Your past does not define your future.
Today's piece is dedicated to April. (age 18) - My prayer is that she continues to grow her self worth and by sharing her redemption story, she plants hope seeds, awareness, and courage to other runaways.
“I was 15 at the time and was a runaway.
I met Tom who wanted to be my friend. Once I became his friend, I realized he really wanted to be a pimp. He intimidated me by threatening to beat me up if I tried to leave. I was scared of him so I wouldn’t leave. He would drop me off at a hotel while he went to work and I would prostitute myself for him.
It lasted from March until June or July. Sometimes it would be every day, sometimes he would say, ‘not today, but tomorrow.’ Out of the week, maybe 4-5 times a week, I was with different men.
I just felt like that it was my fault and I deserved it and nobody would ever believe me or try to help me, so I just let them control how I thought about myself.
They were always verbally abusive and putting me down and it got to the point that I actually started believing it. Just letting someone control your own freedom takes over just what you do.

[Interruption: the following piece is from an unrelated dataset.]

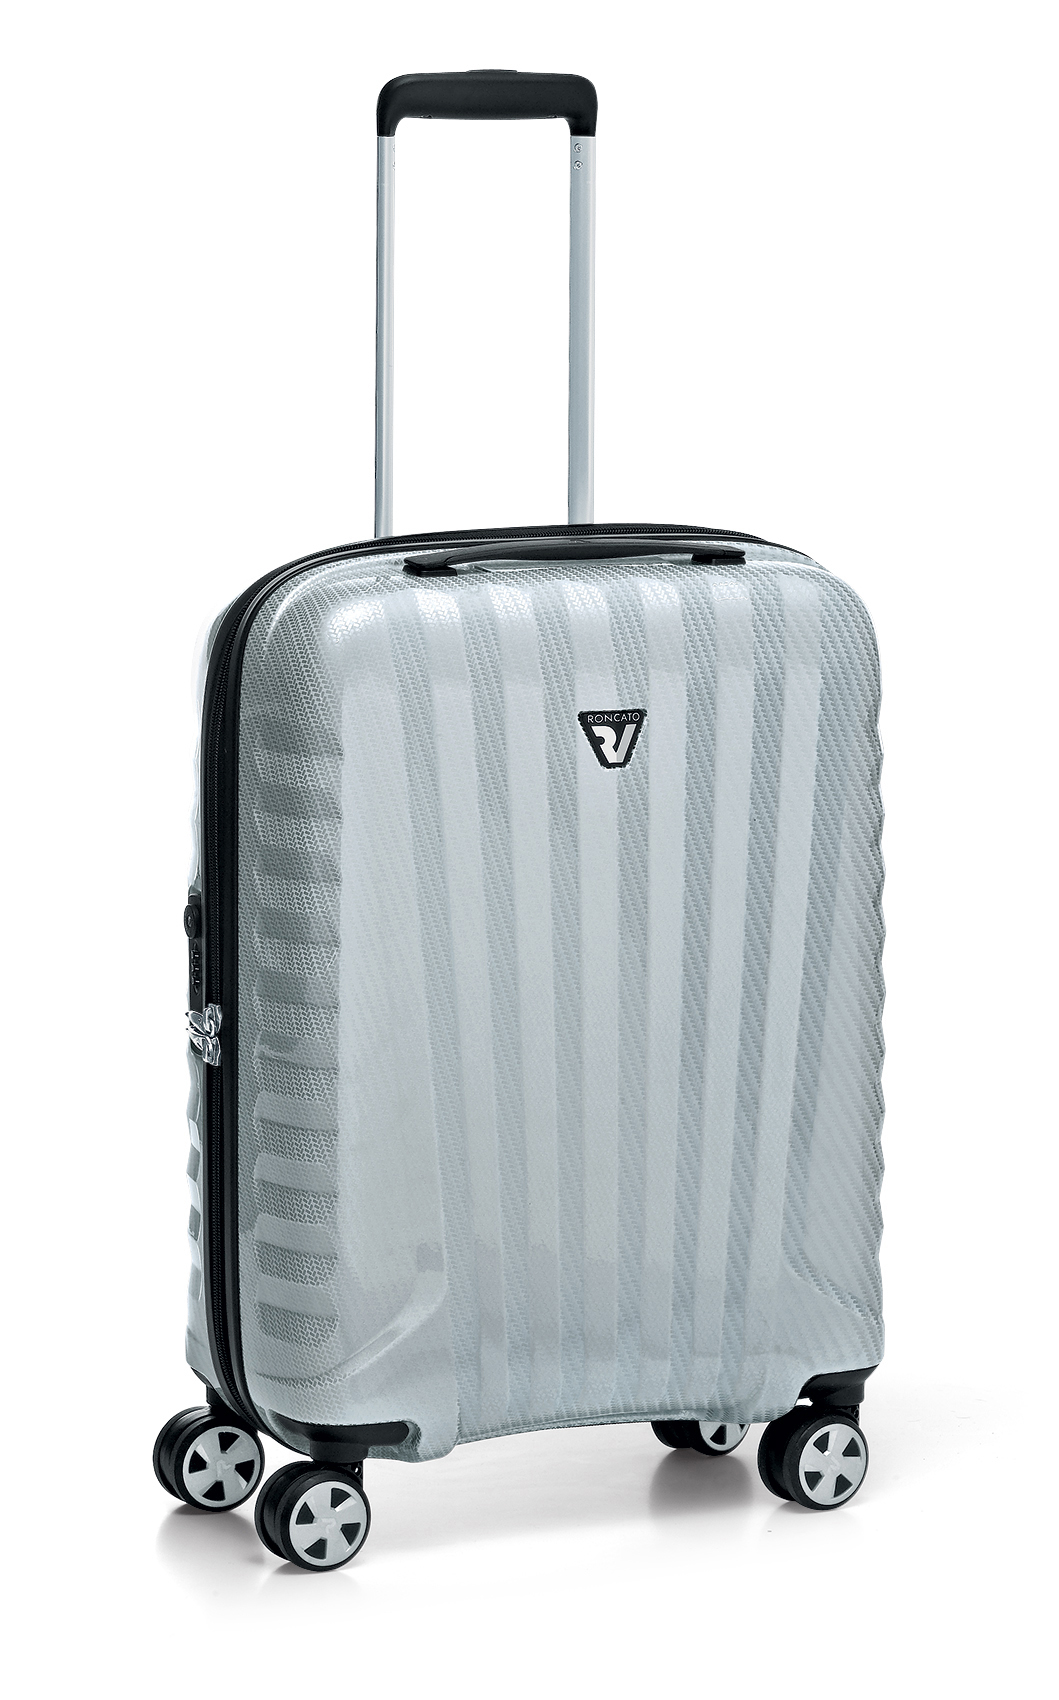 Authorised suppliers of Roncato Luxury Italian Designer Luggage And Business Bags - Attavanti
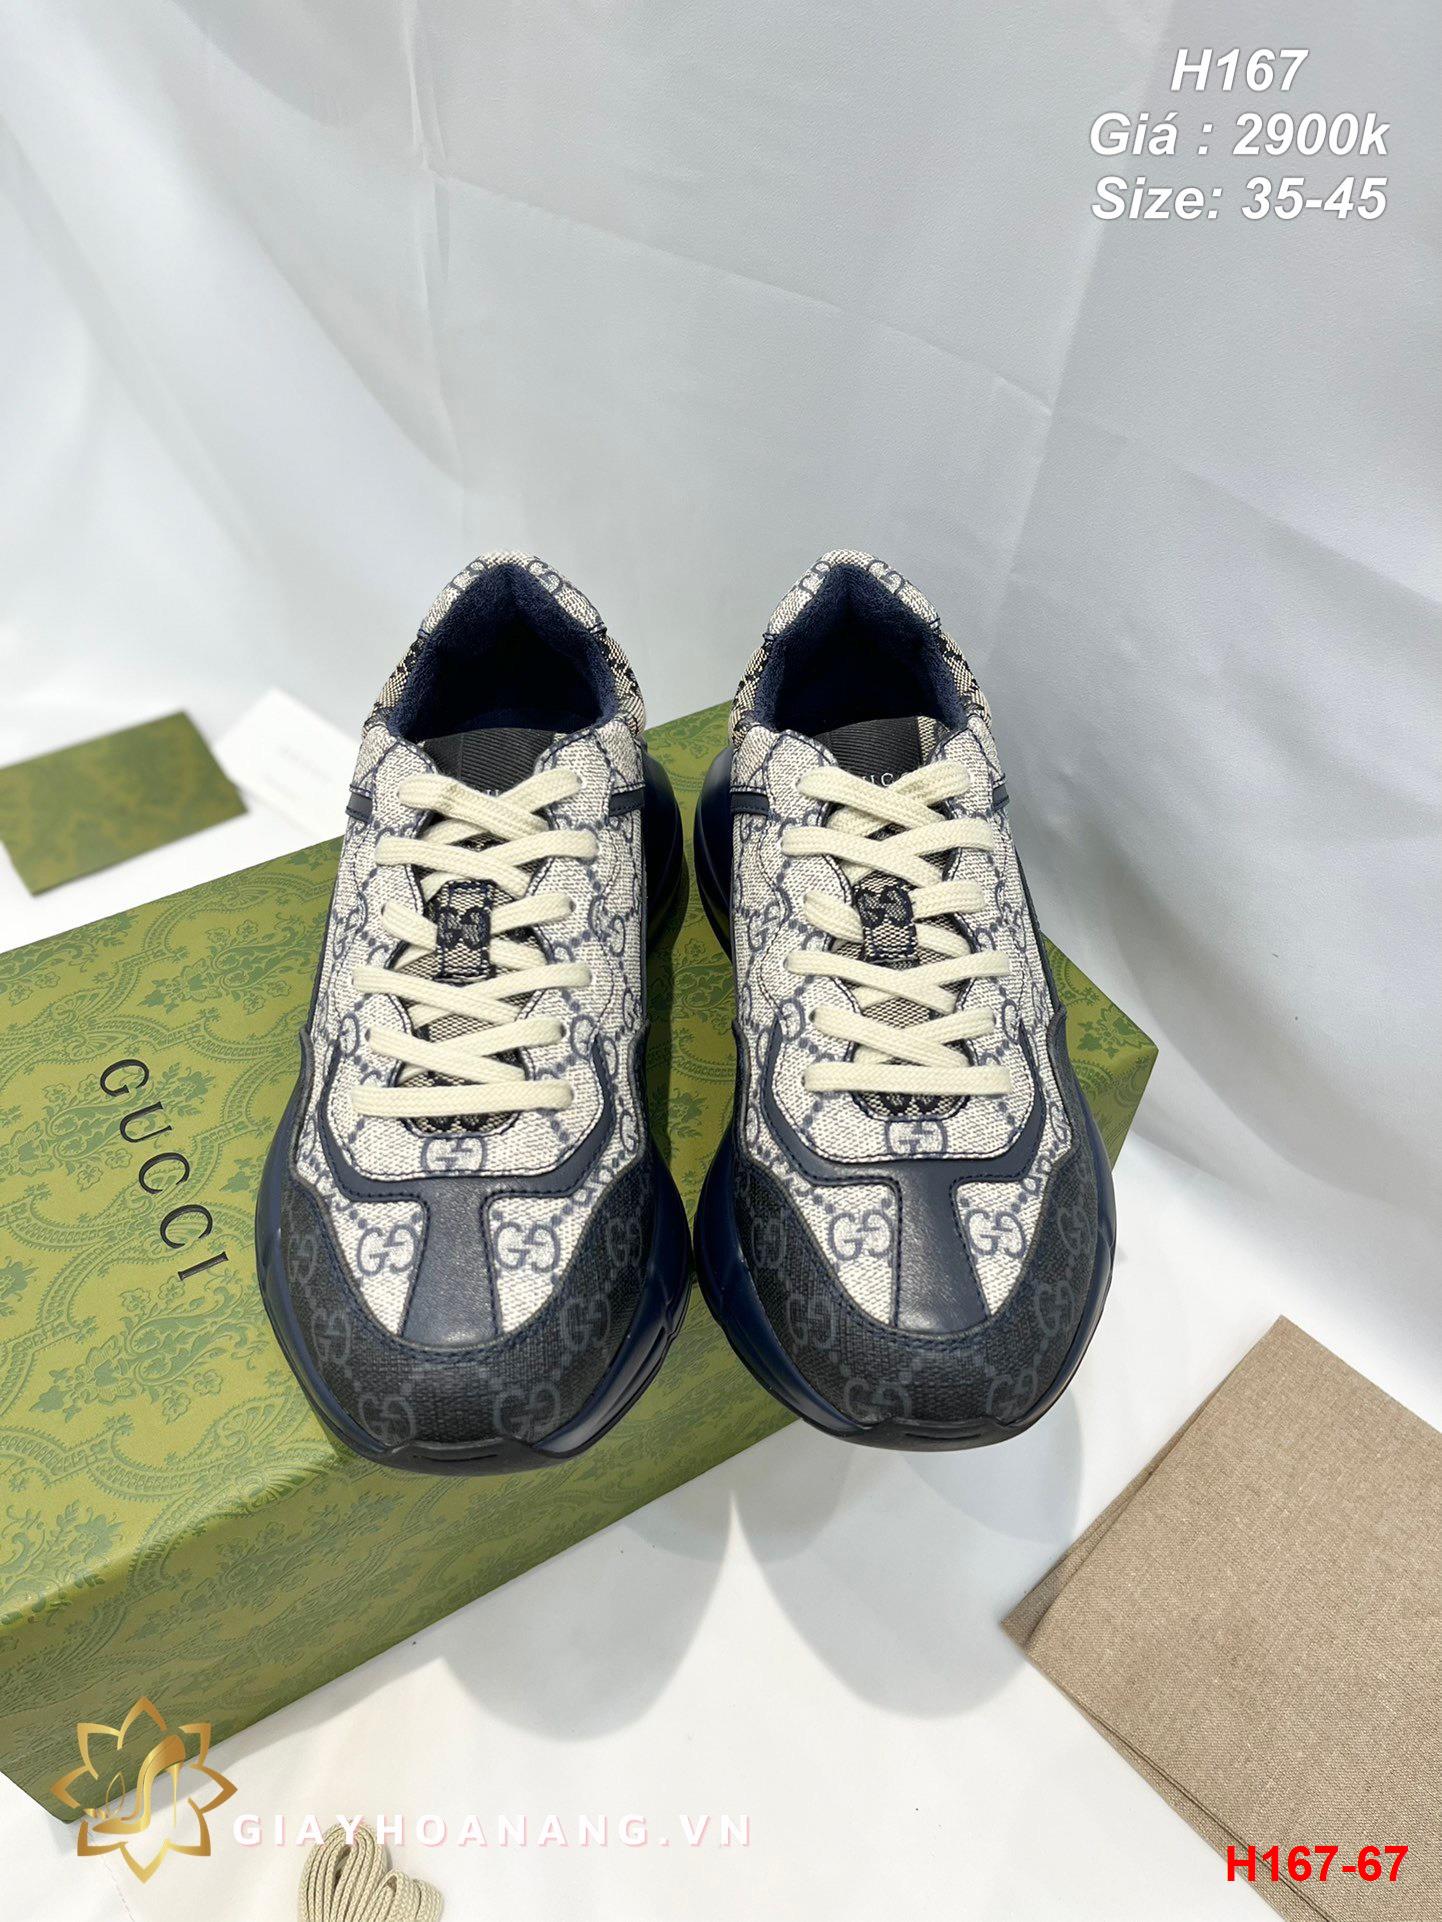 H167-67 Gucci giày thể thao siêu cấp

I couldn’t leave the room. It was like ‘wow, I’m letting someone make me feel so scared.’
I never called the police because I felt it was my fault. I felt at the time like I had to stay. One day the FBI ended up coming to my house and contacted me because my name came up in their investigation.
You have to know your self-worth. It’s OK to ask for help. When you are as low as I was, you don’t know you are a victim, you feel it's all your fault.
You don't have to stay a victim. You can have the worst past, but that doesn’t mean you can’t have a successful future.”